Однако если в первых двух главах исследовательница оставалась в жанровых границах “готического хронотопа”, анализируя тексты канонические и сознательно стилизованные под канон, то в последней главе отнесение “предмета” к готической традиции, мягко говоря, спорно и нуждается в некотором аргументированном допущении. Таким допущением становятся “антиавторитарный вектор” готического романа и бердяевская метафора XX в. как “нового Средневековья”. Это метафорическое допущение представляется исследовательнице достаточным для дальнейших “готических определений” романов Кафки, Булгакова и Солженицына. В отнюдь не готическом, но аллегорически-бюрократическом кафкианском “Замке” нам предлагают видеть аналог “готического хронотопа”. При известном “метафорическом” складе ума и безусловном отвлечении от синхронного литературного контекста это возможно, однако следующий шаг — прочтение “Мастера и Маргариты” в тех же “свободных границах”, и здесь Г.В. Заломкиной приходится ступить на шаткий путь карнавализации, конспирологии и поисков готического “прототекста”. Характерно, что из всех “романов о дьяволе”, на которые столь очевидно “указывает” булгаковский роман, исследовательница выбирает “Мельмота”. Выбор, прямо скажем, произвольный, и даже склонные к излишне расширительному толкованию булгаковского “источниковедения” комментаторы московского романа в этом случае ведут себя осторожно.

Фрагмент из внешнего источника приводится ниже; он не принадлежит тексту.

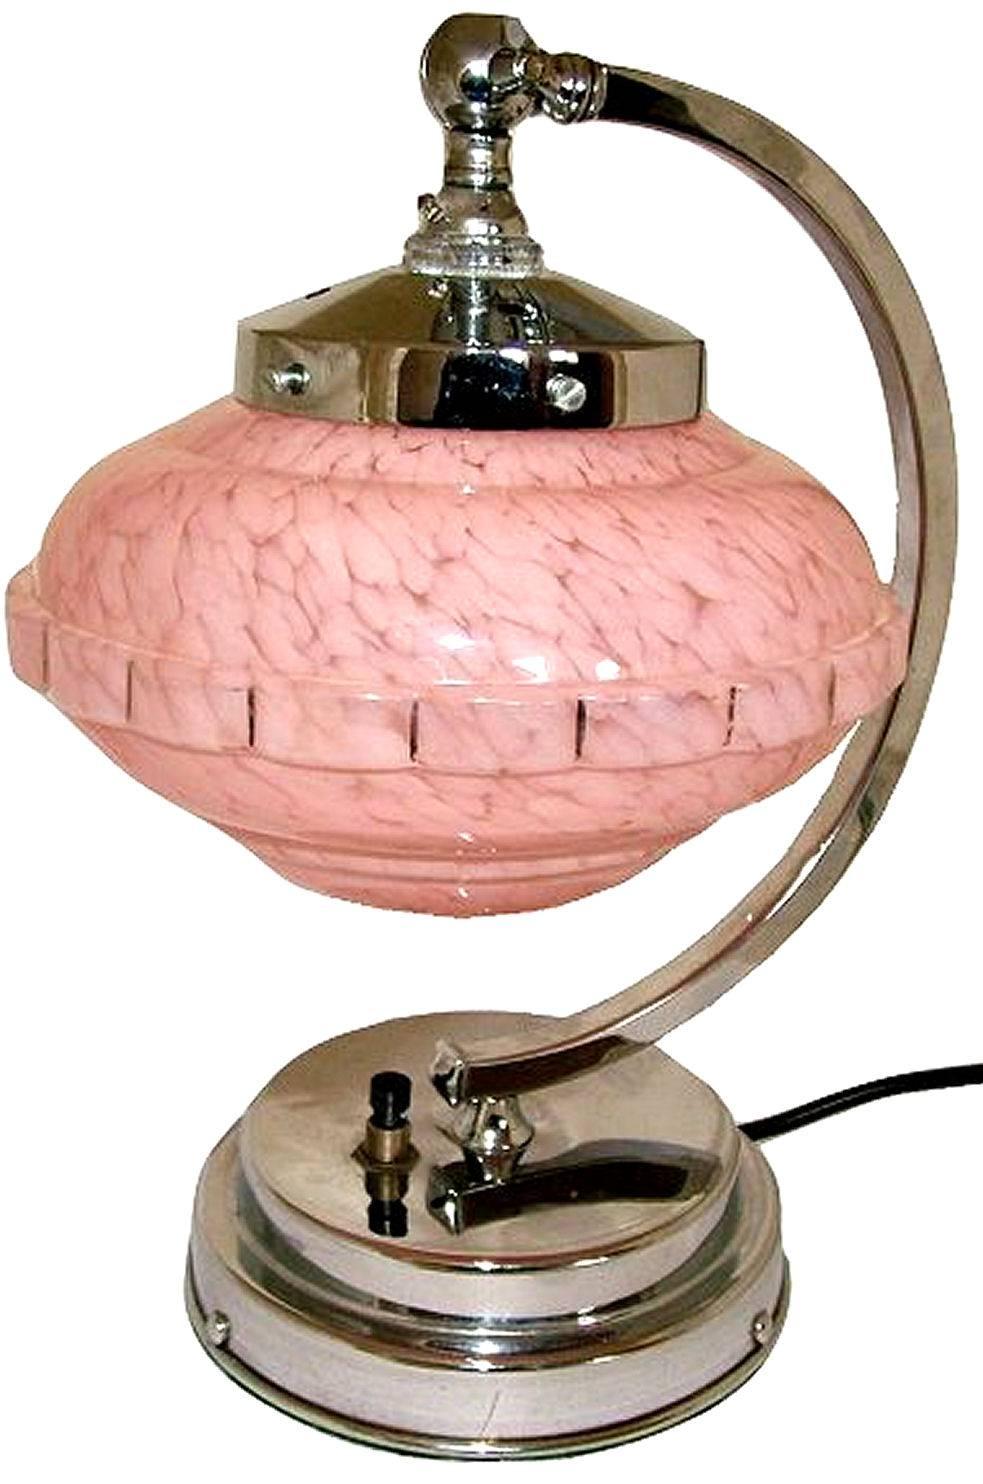 Lampe de table à angle droit Art Déco des années 1930 en chrome en très bon état de fonctionnement. Avec sa base en escalier et son abat-jour en verre à effet de marbre rose, ce luminaire est un véritable joyau iconique de l'Icone. L'abat-jour peut

Однако присущая булгаковедению игровая стихия овладевает диссертанткой, и вот уже анаграмма “М” и “W” (“Melmoth the Wanderer”) перекочевывает в “Мастера и Маргариту”, при этом ни кириллический алфавит, ни прямое заимствование персонажа из “Фауста” (“Junker Voland kommt”) не становятся здесь препятствием: сюжетная линия Стентона приписывается… Ивану Бездомному, а “нехорошая квартира” обращается в “готический хронотоп советского типа”. “Готическим хронотопом” Солженицына становятся “тюрьмы и церковные развалины” (с. 208), а в качестве “метафорического допущения” и основания для подобного рода “применений” выступает не очевидный отнюдь “диалог” Солженицына с Булгаковым.
Почему в первых же абзацах главы автор “выводит из игры” настоящие “прототексты” — Данте и Гёте? Потому ли, что тогда пришлось бы забыть об “актуальном” “готическом хронотопе” и ограничиться пределами историко-литературных рядов, изначально исследовательнице чуждых? Возможно ли говорить о так называемом “хронотопе замка” в текстах, генетически восходящих к “Божественной комедии” или “Фаусту”? Представляется все же, что, оставаясь в границах настоящего “прототекста”, пришлось бы помянуть мистериальную традицию, и это совсем другая история. Повторим: такие историколитературные категории, как “традиция” и “влияние”, “типология” и “генезис”, здесь заведомо не рассматривались. Автор этой работы сознательно создавала некую условную модель “готического сюжета”. Однако в последней главе сам “готический сюжет” становится не моделью, но метафорой, свободным исследовательским допущением.
И. Булкина
Григорьев С.И. ПРИДВОРНАЯ ЦЕНЗУРА И ОБРАЗ ВЕРХОВНОЙ ВЛАСТИ. 1831—1917. — СПб.: Алетейя, 2007. — 480 с. — 1000 экз.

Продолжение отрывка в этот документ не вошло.